Маг глянул на Полин с явным отвращением, поморщился, вздохнул, пожал плечами. Мы ему сочувствовали. Если разобраться: ну сбежит дуреха, ну приберут ее к рукам загадочные злодеи, допросят и прикончат. Надо бы пожалеть эту Полин, только с какой стати? Что она такого сделала, чтобы ради нее рисковать и тратить себя на переживания?
– Да пошла она… лесом, – обозлился Петров. – Сниму ошейник, и все дела. Толку от бабы никакого, один вред. Без обузы я до Белогорска за неполных двое суток доберусь. А до телеграфа – уже к ночи. С этой франконской фифой мороки не оберешься, потом еще отчеты писать: нет, не приставал, смертным боем не бил.
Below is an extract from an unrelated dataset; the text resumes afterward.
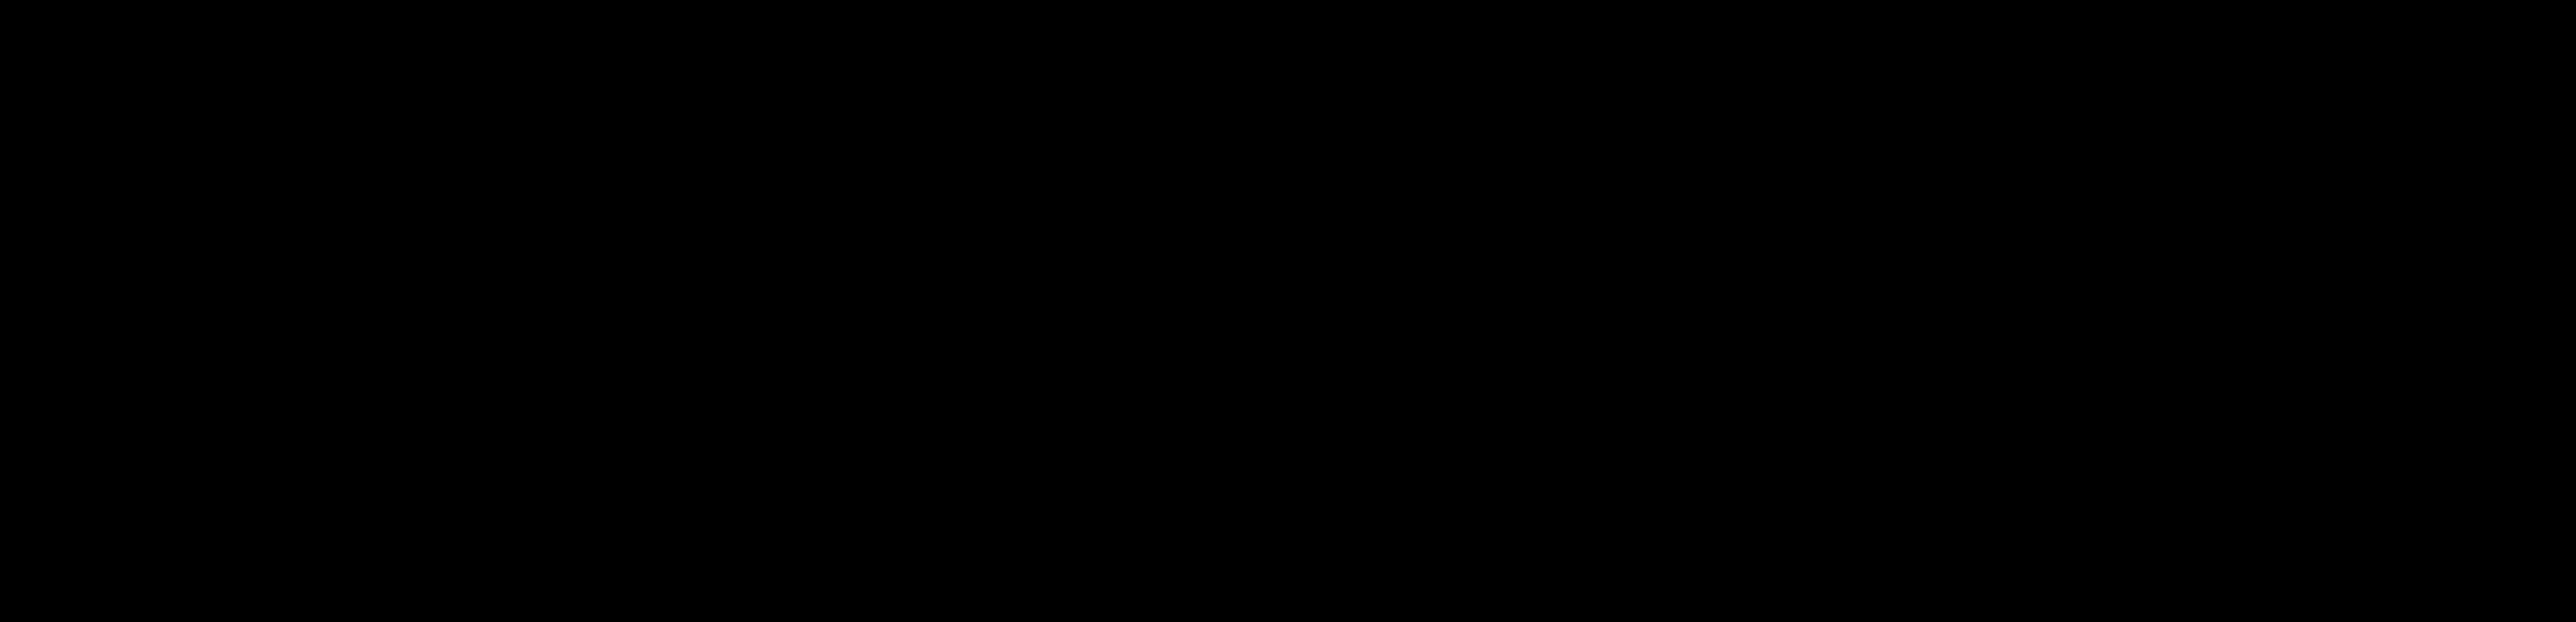 Di-O-Alaninoylcurcumin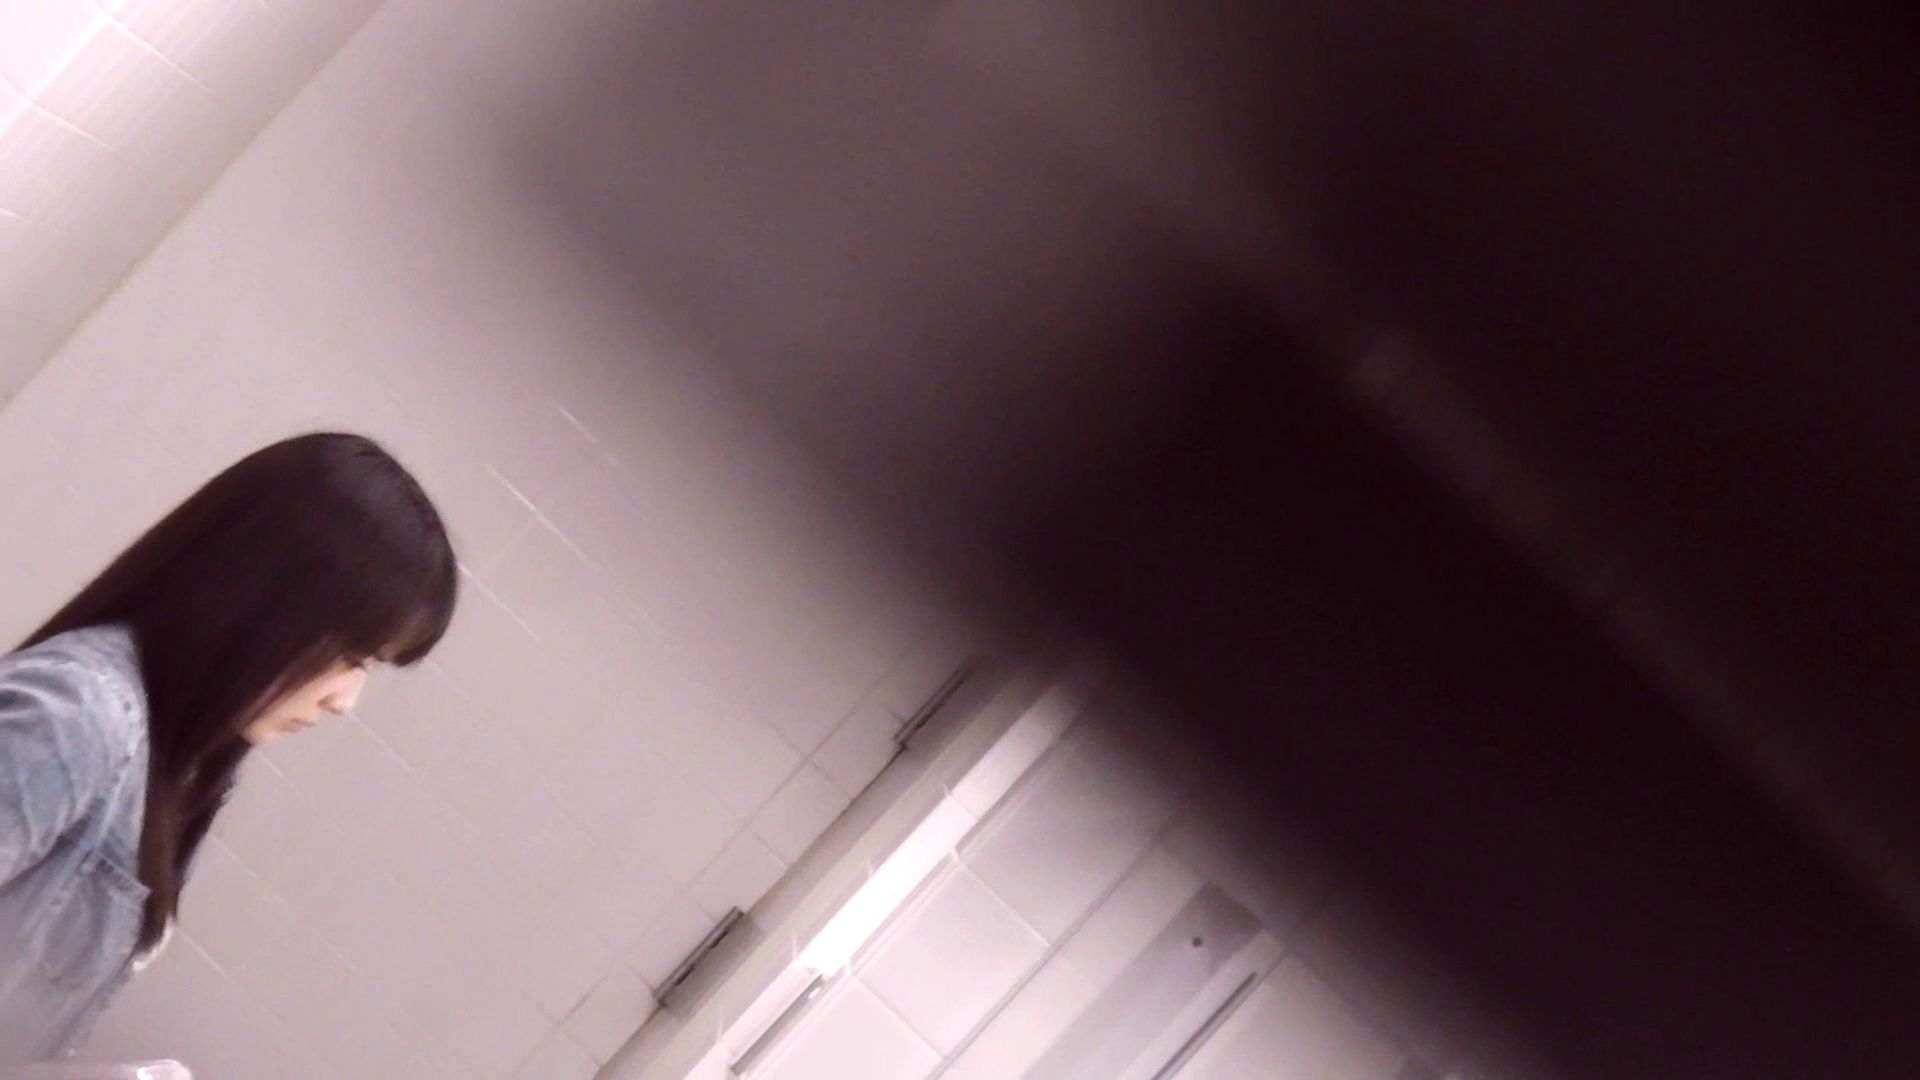 vol.13 命がけ潜伏洗面所! 大丈夫ですか?はまりそうです。 洗面所突入 おまんこ無修正動画無料 100pic 18

Хотя у ней шишка на затылке.
– Я не обуза, – возмутилась Полин.
– Иди, Петров, собирай вещи, пять минут тебе, – велел Семка. – Тут подъем поблизости будет, я сверился с описанием дороги. Предгорья начинаются, нас остановят и подцепят сзади второй паровоз, толкач. Как раз спрыгнуть успеешь, пока возня длится. Ренка, подбери этой, – Семен нехотя кивнул на Полин, признавая ее присутствие, – платье, какое не жаль. Куда она свое дела, понятия не имею. Через час высадим на следующем подъеме, зачем Петрову с ней нянькаться? Прибьют, туда ей и дорога.
– Я обязана явиться к мсье Сержу, – жалобно укорила нас Полин, испуганно моргая и пытаясь сесть. – Нельзя ведь так! Я слово дам слушаться мсье мага и помогать. Платье у меня есть, я сейчас, я быстро.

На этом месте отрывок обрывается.